The Sperrys encountered similar luck with another project they first pitched to the Navy in 1916 - “air bombs,” or early guided torpedoes. “It’s easy to imagine a fleet of these weapons, loaded with deadly gas or explosives, launched against an objective without endangering one human life of the side so employing them,” explained Lawrence in papers published in 1926 after his death. Even though Lawrence’s company developed and patented a remote radio-controlled aerial Torpedo, and Elmer applied for a patent on a radio-controlled aerial torpedo in December, 1917, this work too was tabled by the Navy once the war ended. Lawrence’s patent foresaw the needs of modern cruise missiles, addressing internal guidance systems and post-launch guidance, among other issues,
After the war, in 1919, Sperry built two  48 ft. wingspan Land and Sea Triplane Amphibians  for the U.S. Navy for coastal defense. With encouragement from Gen. Mitchell, he also designed a compact sport biplane for the Army Air Service in 1921.
The Sperry Messenger ran on a 28 hp, 3-cylinder radial engine, had a 20-ft. wingspan and could hit speeds of 95 miles per hour.  His company also built the Verville-Sperry Racer for the Air Service featuring a retractable landing gear and a clean wing design. It won the 1924 Pulitzer Trophy Race.

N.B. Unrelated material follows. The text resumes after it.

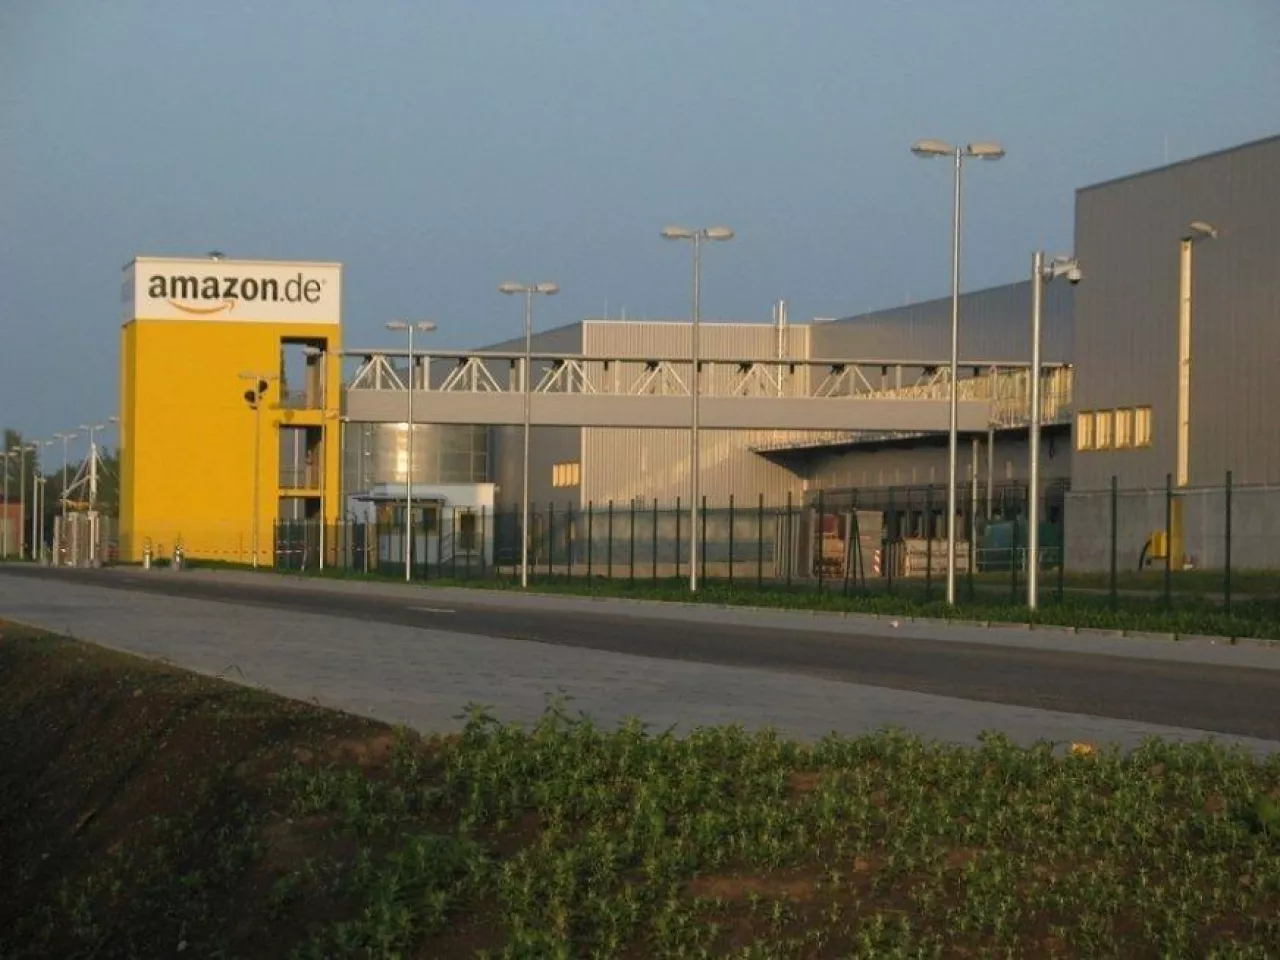 Centrum logistyczne Amazona w Lipsku (fot.  Medien-gbr, CC-BY-SA 3.0)

Nicknamed “Gyro,” Sperry was a daredevil whose personally tested many of his instruments and technologies, included a public demonstration of his self-packing parachute. According the National Aviation Hall of Fame, Sperry jumped out of a plane, “falling 2,000 feet before pulling the rip cord. Unfortunately, winds carried him over downtown Dayton [Ohio] and he landed on top of its tallest building, as fire engines rushed to the scene. But when Lawrence calmly jumped from the building and floated safely to the ground, his father, an ardent prohibitionist, deadpanned, “I think we all need a drink!”
Other stunts included buzzing the Capitol to disrupt Congress and landing first on the Capitol steps, and then in front of the Lincoln Memorial before storming into the U.S. Treasury to collect money the government, which had been slow in paying his company for contracted work. Speaking of stunts, he is also considered by some the founding member of the “Mile High Club,” in 1916 after he and a married woman companion were fished out of the drink off Long Island buck naked after their plane crashed. Sperry famously claimed the impact blew their clothes off, inspiring an equally famous retort by one New York newspaper, “Aerial Petting Leads to Wetting.”  He wasn’t so lucky in another accident. Sperry was killed in a plane crash over the North Seas in 1923 while flying in dense fog from England to Holland in a plane he designed himself. Sperry is a member of the Naval Aviation Hall of Honor and the National Aviation Hall of Fame.